Here's that video for Island of Lost Souls by Blondie.

And Mitchell and Webb ponder: "Are We the Baddies?" 

Comments

Anonymous

On the subject of Matt Barry and comedic versions of already funny early 80s stuff… I would argue the Garth Marenghi’s Dark Place did a very good job of doing exactly that. Mostly because they never winked at the camera, explicitly, or proverbially. There’s really something to be said for playing a bit completely straight and few people do that better than Matt Barry and the rest of the cast of that show. (Which includes Richard Ayoade..)

Anonymous

I mean, when you’re done Manimal, you could do worse than Garth Marenghi’s Dark Place. Assuming you can find it that is.

Anonymous

Back to Gilles de Rais AND Aleister Crowley....Back in 1930 Arthur Calder-Marshall, representing the Oxford University Poetry Society, invited Crowley on campus to deliver a lecture on any subject of his choosing. Crowley’s choice was to speak on the infamous French ‘black magician’ Gilles de Rais. Gilles de Rais, a soldier and comrade of Joan of Arc, was accused of having abducted over 800 children to use in his nefarious alchemical experiments. The outward thrust of Crowley’s lecture was that 800 is a rather large number. Crowley wrote: ‘Did the disappearance of the first four hundred, say, put no parents on their guard?’ However, the lecture could also be viewed as a very thinly veiled defense of Crowley’s own reputation. Both Crowley and de Rais were surrounded by fantastic tales, which although sensational were also highly improbable. Of course, the lecture was cancelled due to pressure from the Oxford authorities. Not missing a beat Crowley had a pamphlet version of the lecture printed and distributed in Oxford (for Six Pence a piece) on February 3rd, 1930 - the same day the lecture was to have been delivered.

Anonymous

Yeah - he came up on a recent discussion of necrophilia and it's one of those cases like Bathory where there's evidence - yet there's also (at a minimum) the whiff of exaggeration and/or frame-up.
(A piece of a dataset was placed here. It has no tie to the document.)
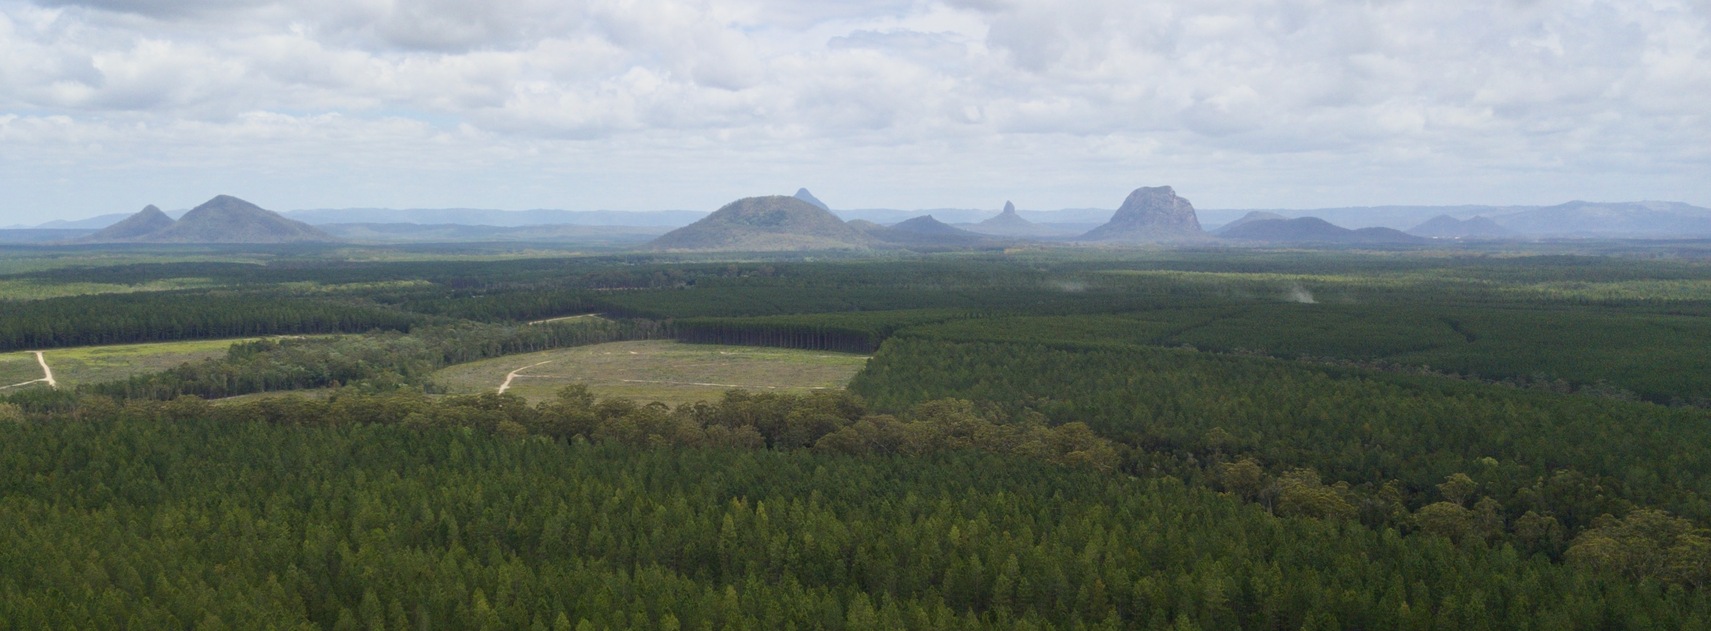 Looking Northwest towards the Glasshouse Mountains, from 120m above the point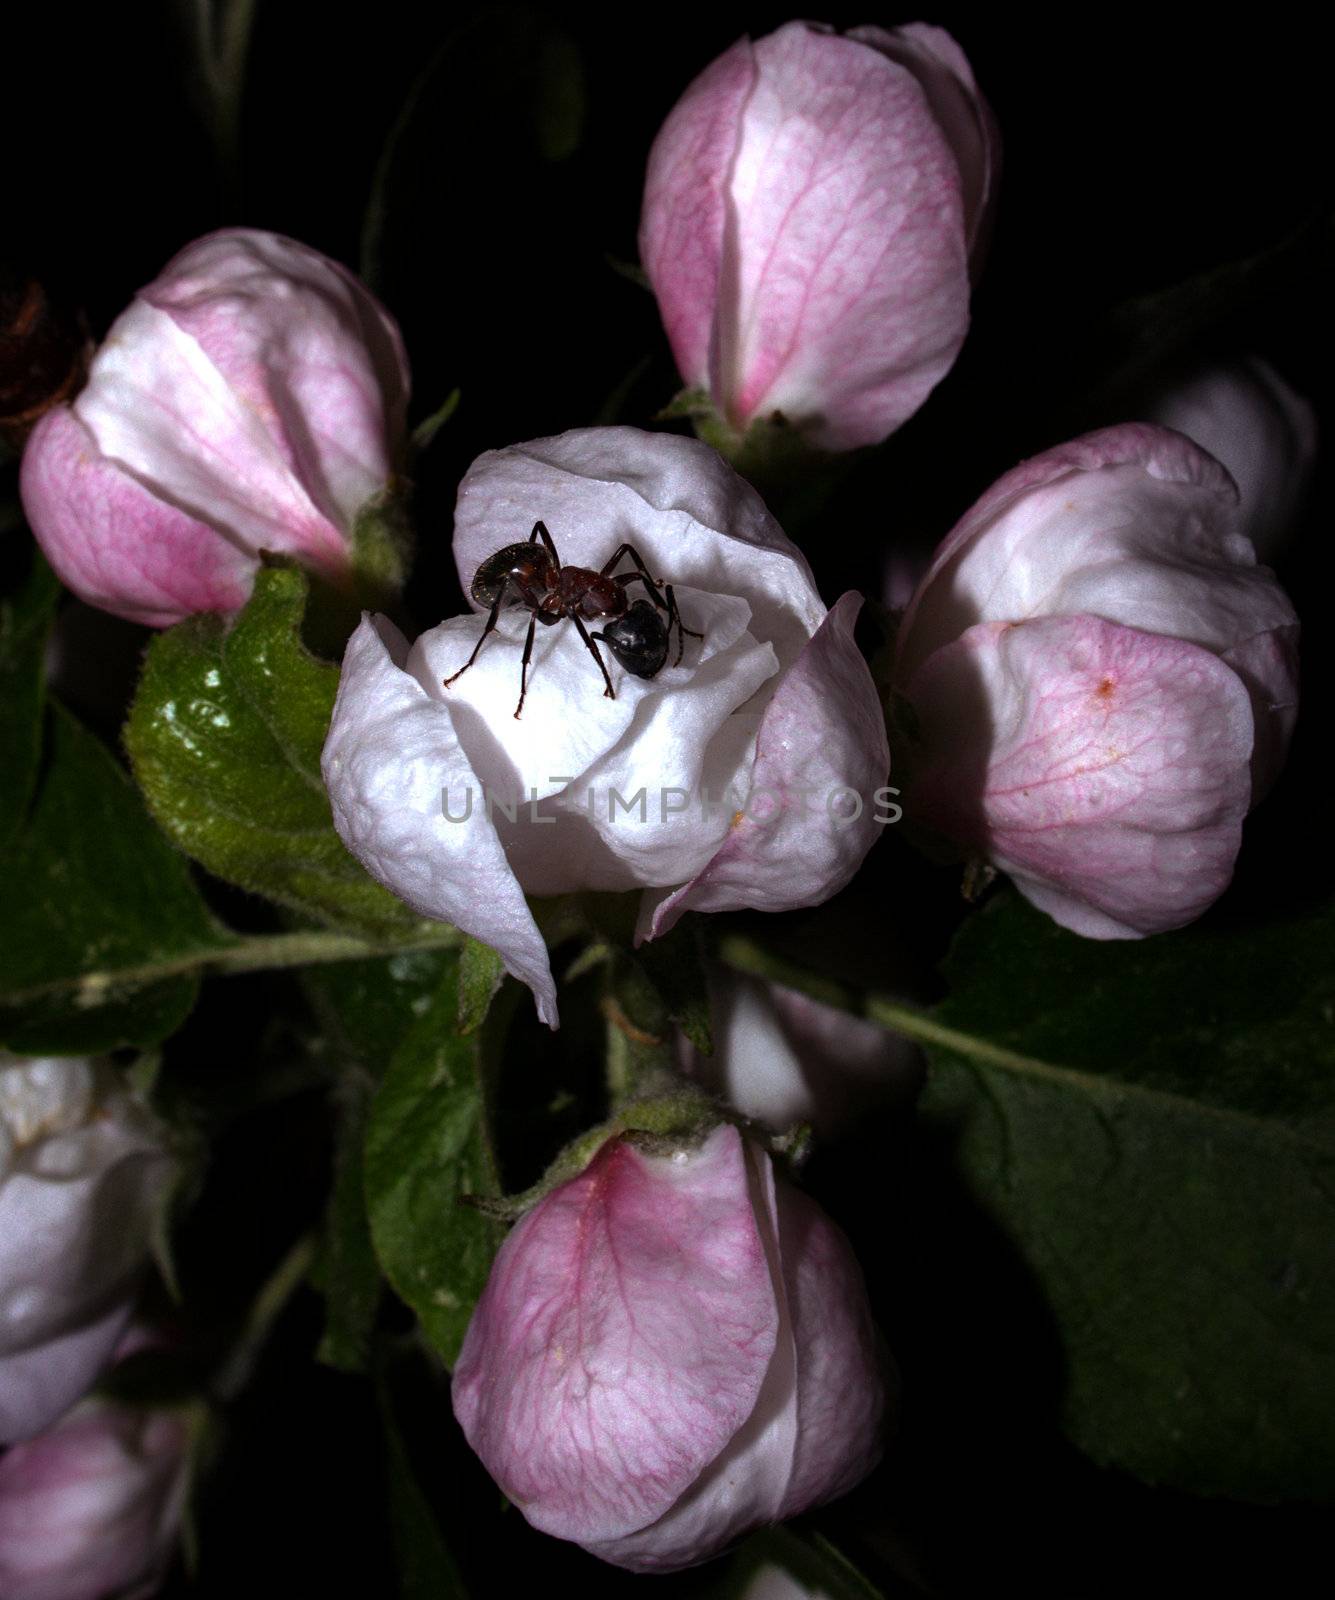 Ant crawling on apple tree flowers

I'm pretty skeptical but I have not done any deep dives into the root evidence. Compare that to something like the beast of Gevaudan where there are plenty of church and (somewhat inflated) newspaper records. We may not all agree on what killed the victims - but there's little dispute people died, only a question of how many should be included among the surest victims.